Sheldon Cooper Quotes Page 93 of 129
Quote from the episode The Thespian Catalyst
Penny: Okay, Cat on a Hot Tin Roof is an American classic.
Sheldon: So is the McRib sandwich. I don't care for that either.
Quote from the episode The Comic Book Store Regeneration
Penny: Just think about something else.
Sheldon: Can I think about the spiny anteater?
Penny: Sure.
Sheldon: The spiny anteater never went behind my back and worked with Barry Kripke.
That didn't help at all.
Quote from the episode The Loobenfeld Decay
Sheldon: You just lied to Penny.
Leonard: Yes, I did.
Sheldon: And you did it so casually. No rapid breathing, no increase in perspiration.
Leonard: So?
Sheldon: So, lack of physiological response while lying is a characteristic of a violent sociopath.
Leonard: Sheldon, are you worried about your safety?
Sheldon: No. I imagine if you were going to kill me, you'd have done it a long time ago.
Quote from the episode The Hamburger Postulate
Penny: Leonard's had girls over before, right?
Sheldon: Oh, yes, but there's usually planning, courtship and advance notice. Last time I was able to book a cruise to the Arctic to see a solar eclipse.
Penny: Wait, you had to leave the state because your roommate was having sex?
Sheldon: I didn't have to, the dates just happened to coincide.
Quote from the episode The Irish Pub Formulation
Sheldon: Do you like trains?
Priya: Not particularly.
Sheldon: You might as well just wait at the airport for your flight.
Quote from the episode The Irish Pub Formulation
Leonard: Really? You're going to risk getting sleepy in the middle of your themodynamic fluctuations seminar? You know what happens when you yawn in public.
Sheldon: Everyone will see my oddly shaped uvula.
Quote from the episode The Hofstadter Isotope
Sheldon: Would you like some advice?
Leonard: Sure, why not?
Sheldon: Then this is the perfect time to launch a blog with an interactive comments section.
Leonard: Gee, thanks a lot.
Quote from the episode The Cohabitation Formulation
Penny: Ooh, I thought I smelled pizza.
Sheldon: That's remarkable. If pepperoni were an explosive substance, you could replace German shepherds at our nation's airports.
Quote from the episode The Cohabitation Formulation
Penny: Today I drove to Van Nuys for an audition I thought was going to be for a cat food commercial. Turned out to be for porn.
Sheldon: Did you get the part?
Penny: I didn't do the audition.
Sheldon: Given the state of your career, can you really afford to be picky?
Quote from the episode The Closet Reconfiguration
Penny: Sheldon, aren't you going to spend a little time with Amy?
Amy: Oh, it's okay, I'm used to it. The other day at Whole Foods, he spent an entire hour optimizing the cheese aisle.

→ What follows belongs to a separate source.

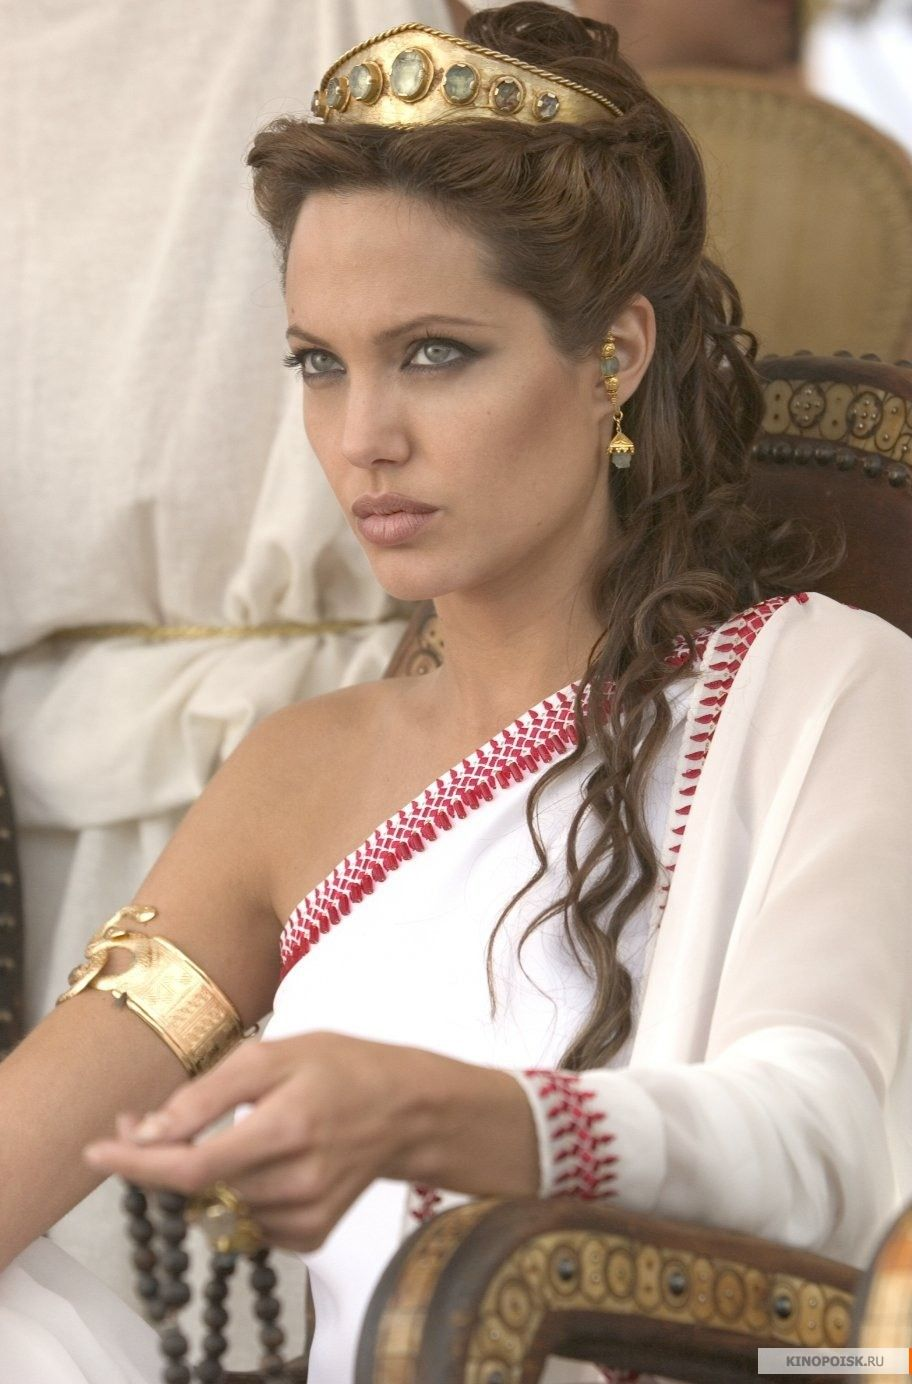 Angelina Jolie Film Nuda alexander (2004) angelena jolie as olimpia - simple and

Sheldon: Yeah, and some thanks I got. The assistant manager chased me out with an artisanal salami.
Quote from the episode The Closet Reconfiguration
Sheldon: You know, surprisingly, the letter from your father wasn't the most interesting thing I read in the closet. Bernadette's diary has some saucy passages.
Bernadette: Sheldon, don't you dare.
Sheldon: There's nothing to worry about. Your secret's safe with me.
Bernadette: That's more like it.
Sheldon: Although copyright law would allow me to quote snippets in the context of a review.
Quote from the episode The Parking Spot Escalation
Leonard: All right, you brought this on yourself. Sheldon, get him.
Sheldon: If a zombie bites you, you turn into a zombie. However, if a mummy bites you, all you turn into is some schmo with a mummy bite. So, like a zombie that's been eaten from the waist down, you, sir, have no leg to stand on.
Quote from the episode The Parking Spot Escalation
Howard: He can't handle the fact that I'm a bigger deal than he is now.
Sheldon: Oh, preposterous. I have been solely responsible for this university's six loop quantum gravity calculations, I have changed the way we think about Bose-Einsten condensates, and I am also the one who got Nutter Butters in the cafeteria vending machine. Maybe you missed that news while you were floating around like a goof in outer space.
Quote from the episode The Einstein Approximation
Sheldon: When Albert Einstein came up with special relativity, he was working at the patent office.
Leonard: So you're going to work at the patent office?
Sheldon: Don't be absurd. That's in Washington. You know I could never live in a city whose streets are laid out in a wheel-and-spoke pattern.
Quote from the episode The Einstein Approximation
Employment adviser: So, Mr. Cooper, you're looking for a job?
Sheldon: A menial job. Like yours.
Employment adviser: Why thank you for noticing. I'm Menial Employee of the Month.